Adakalanya berupa cercaan, pukulan, perampasan hak, dan semisalnya. Memang
sebuah kewajaran bila seseorang menuntut haknya dan membalas orang yang
menyakitinya. Dan dibolehkan seseorang membalas kejelekan orang lain dengan
yang semisalnya. Namun alangkah mulia dan baik akibatnya bila dia memaafkannya.
Jangan
sampai kita malah membenci dan mendendam orang yang menyakiti kita, karena kita
akan sama seperti mereka.
Ketahuilah,
Harga hukuman (qisash) yang paling mahal adalah yang harus dibayarkan
oleh seorang pendendam dan pendengki saat ia mendengki orang lain. Pasalnya, ia
harus membayar semua itu dengan hati, daging, darah, perasaan, kedamaian,
ketentraman, dan kebahagiaannya. Maka, betapa meruginya seorang pendengki.

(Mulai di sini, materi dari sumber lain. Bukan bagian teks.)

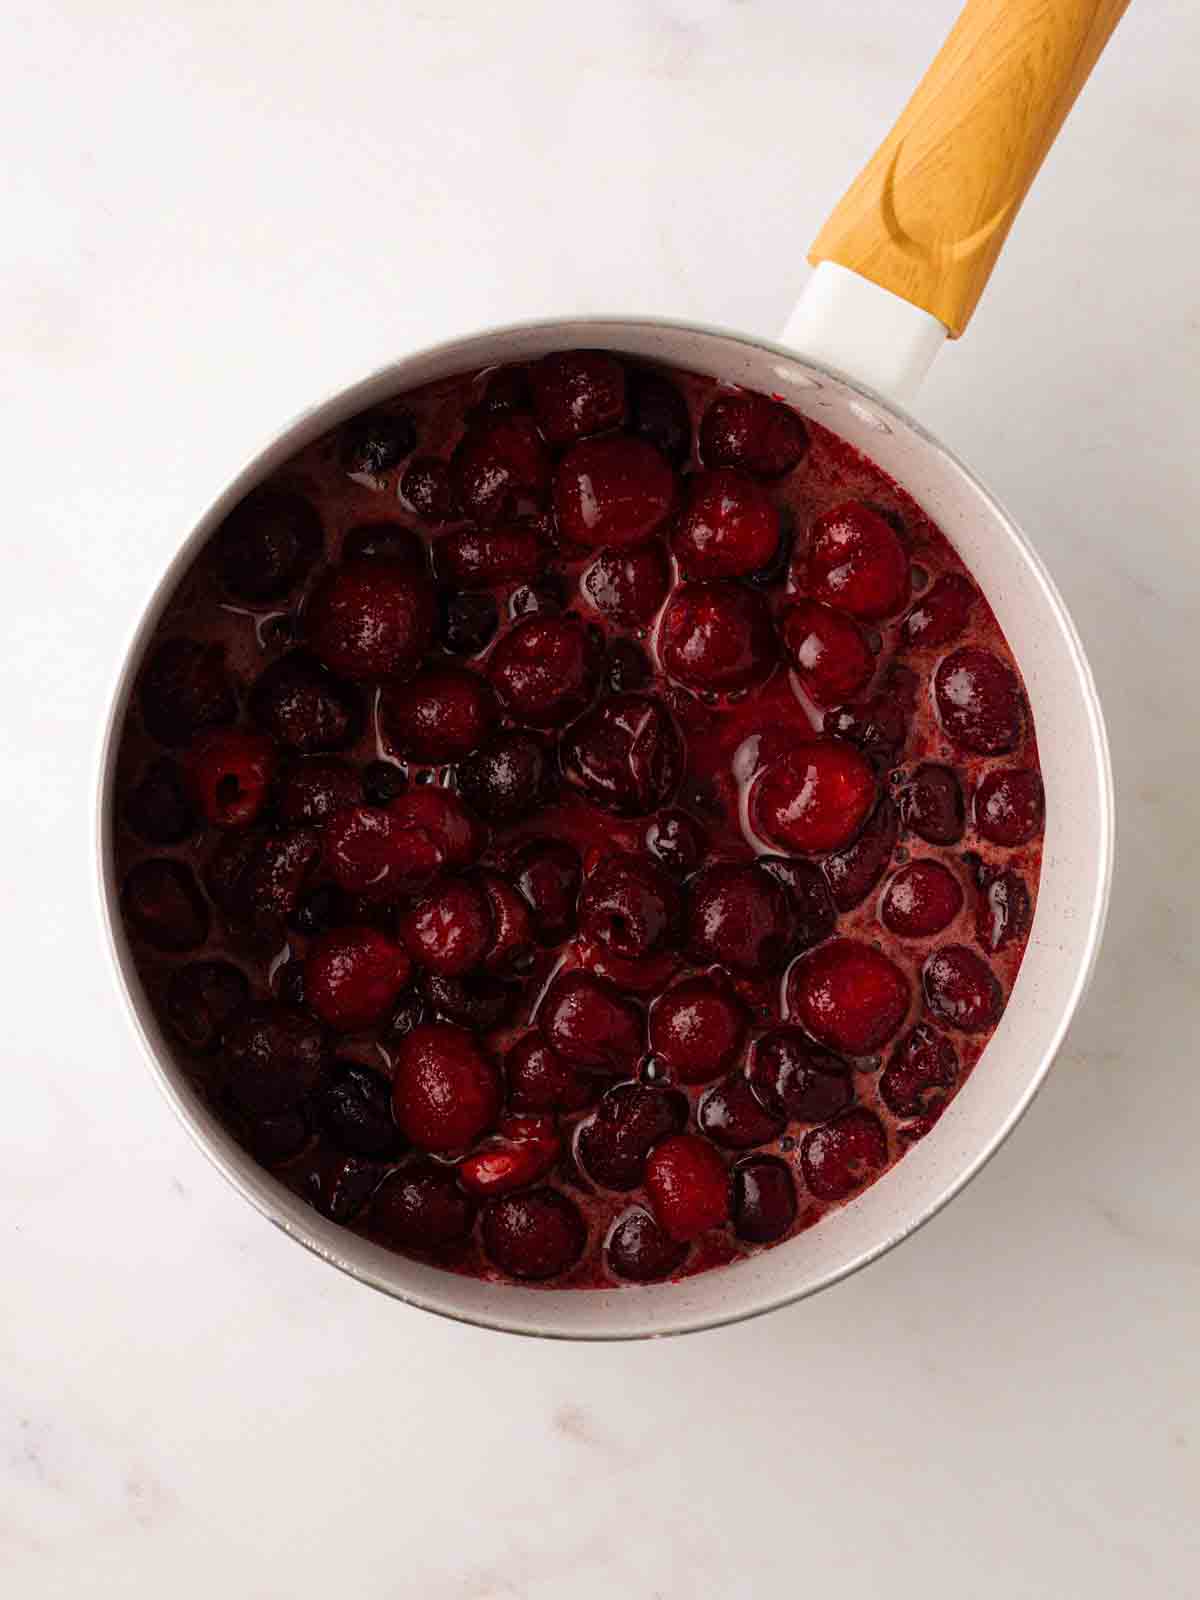 A pan filled with cherries in a juice for step 1 in the recipe for Cherry Pie.

Memaafkan orang yang pernah menzalimi kita. Sikap ini
bukan hal yang gampang dilakukan oleh setiap orang. Perlu kekuatan jiwa yang
tercermin pada sifat sabar dan membuang dendam serta berharap imbalan dari
Allah SWT. Allah SWT. berfirman: “dan tidaklah sama kebaikan dan
kejahatan. Tolaklah (kejahatan itu) dengan cara yang lebih baik, Maka tiba-tiba
orang yang antaramu dan antara dia ada permusuhan seolah-olah telah menjadi
teman yang sangat setia. Sifat-sifat yang baik itu tidak dianugerahkan melainkan
kepada orang-orang yang sabar dan tidak dianugerahkan melainkan kepada
orang-orang yang mempunyai Keuntungan yang besar. (Fusshilat: 34-35).

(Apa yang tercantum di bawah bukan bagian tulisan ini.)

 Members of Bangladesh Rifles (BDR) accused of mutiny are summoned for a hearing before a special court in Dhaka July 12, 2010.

Dalam ayat lain disebutkan: “maka barang siapa memaafkan dan berbuat baik maka
pahalanya atas (tanggungan) Allah. Sesungguhnya Dia tidak menyukai orang-orang
yang zalim”. (Asy Syuraa: 40).
Imbalan
yang diberikan Allah SWT. begitu besar sehingga Al-Qur’an menyebutnya dengan
keuntungan yang besar. Dan Sifat pemaaf menjadikan seseorang terhormat baik di
mata Allah SWT. maupun di mata manusia. Rasulullah Saw. bersabda dalam hadits
yang diriwayatkan Abu Hurairah:
وما زاد الله عبدا بعفو إلا عزا
“Allah
SWT. hanya menambah kemuliaan bagi seseorang sebab memberi maaf”. (HR. Muslim).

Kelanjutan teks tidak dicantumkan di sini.